Chicken Dataset [3]:

• 4,392 genomes encompassing domesticated chickens, red junglefowl subspecies, and congeneric Gallus species.
• Diverse geographical origins representing commercial birds, experimental lines, and local breeds.
• ~50 ancient genomes reveal past genetic diversity and inform domestication history.

Cattle Dataset:

• 128 newly generated genomes from 32 diverse African populations.
• Integrated with publicly available data for a total of 3,527 genomes.

These comprehensive datasets enable deeper understanding of genetic diversity, adaptation, and evolutionary history in both species, informing sustainable management strategies.

Data processing pipeline

To ensure uniformity across all samples, the entire dataset was subjected to a state-of-the-art genomic pipeline on the SuperMUC-NG computing cluster. The processing of these genomes required ~25 M core hours.

Imputation pipeline

Large-scale genomic datasets, processed on the SuperMUC-NG, were merged into reference panels containing tens of millions of genetic variants. These panels enable the deployment of low-coverage genome sequencing with imputation, a cost-effective tool for genomic-assisted breeding (genomic selection) in developing countries. Briefly, imputation computationally predicts missing genotypes based on known variants in reference panels.

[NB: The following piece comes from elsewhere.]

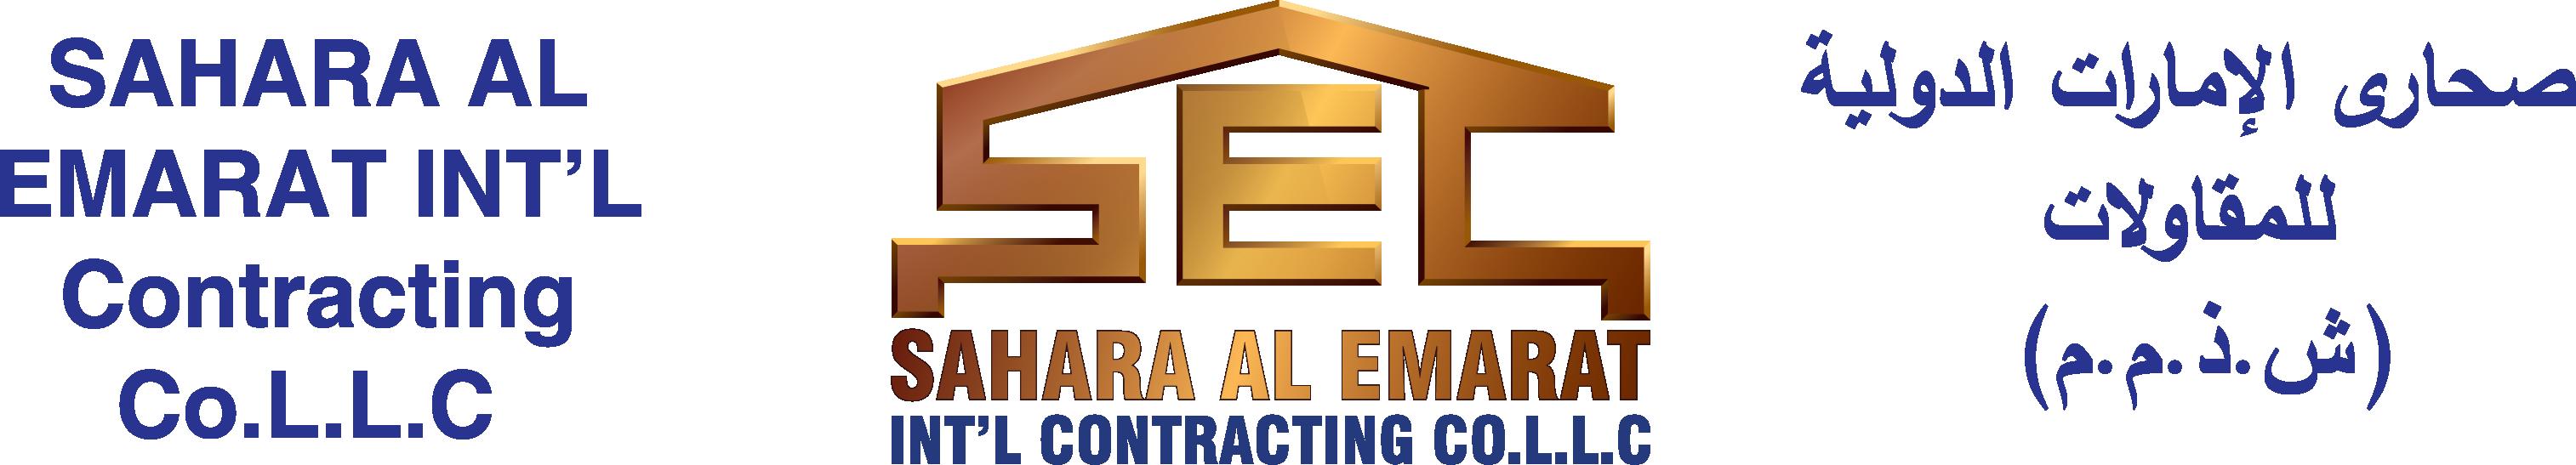 Sahara Al Emarat International Contracting Co.

Evaluating Imputation Accuracy

We assessed the performance of our reference panel for imputation. Traditionally, reliable genome data requires 10x coverage, exceeding €200 per sample. Using our imputation pipeline and reference panel, we achieved similar quality with 0.5x coverage. This will reduce the cost of generating genome data to less than €20 per sample. This significant cost reduction empowers animal breeders in developing countries to generate data for improving local breeds. This opens avenues for:

• Sustainable breeding: Selecting animals with desired traits based on their genetic makeup, leading to improved productivity and adaptation.
• Preserving diversity: Characterizing and conserving genetic diversity within local breeds, ensuring their resilience to future challenges.
• Empowering local communities: Enabling farmers to make informed breeding decisions and enhance their livelihoods.

By facilitating cost-effective genomic data generation, this approach holds immense potential for advancing sustainable livestock management and empowering developing communities.

Chicken genomic data

Our research efforts in chickens parallel those undertaken for African cattle. We are currently: 1) Developing an imputation panel. This panel will enable us to assess the effectiveness of imputation in reducing genotyping costs for chickens, paving the way for more affordable genomic studies in this species. 2) Preparing a large-scale chicken genomics paper. This paper, incorporating ancient genomic data, will investigate how chickens, as tropical birds, have adapted to the diverse environments they inhabit today. These findings will contribute to the development of improved breeding strategies and conservation efforts for this vital livestock species.

References and Links

[1] FAO (2013) FAOSTAT database collections. Food and Agriculture Organization of the United Nations.

[2] Menjo D, Bebe B, Okeyo A, Ojango J (2009) Survival of Holstein-Friesian heifers on commercial dairy farms in Kenya. Appl Anim Husb Rural 2:14-17.

[3] Fiddaman SR, Klopp C, Charles M, et al (2023) Chicken Genomic Diversity consortium: large-scale genomics to unravel the origins and adaptations of chickens. Cytogenet Genome Res.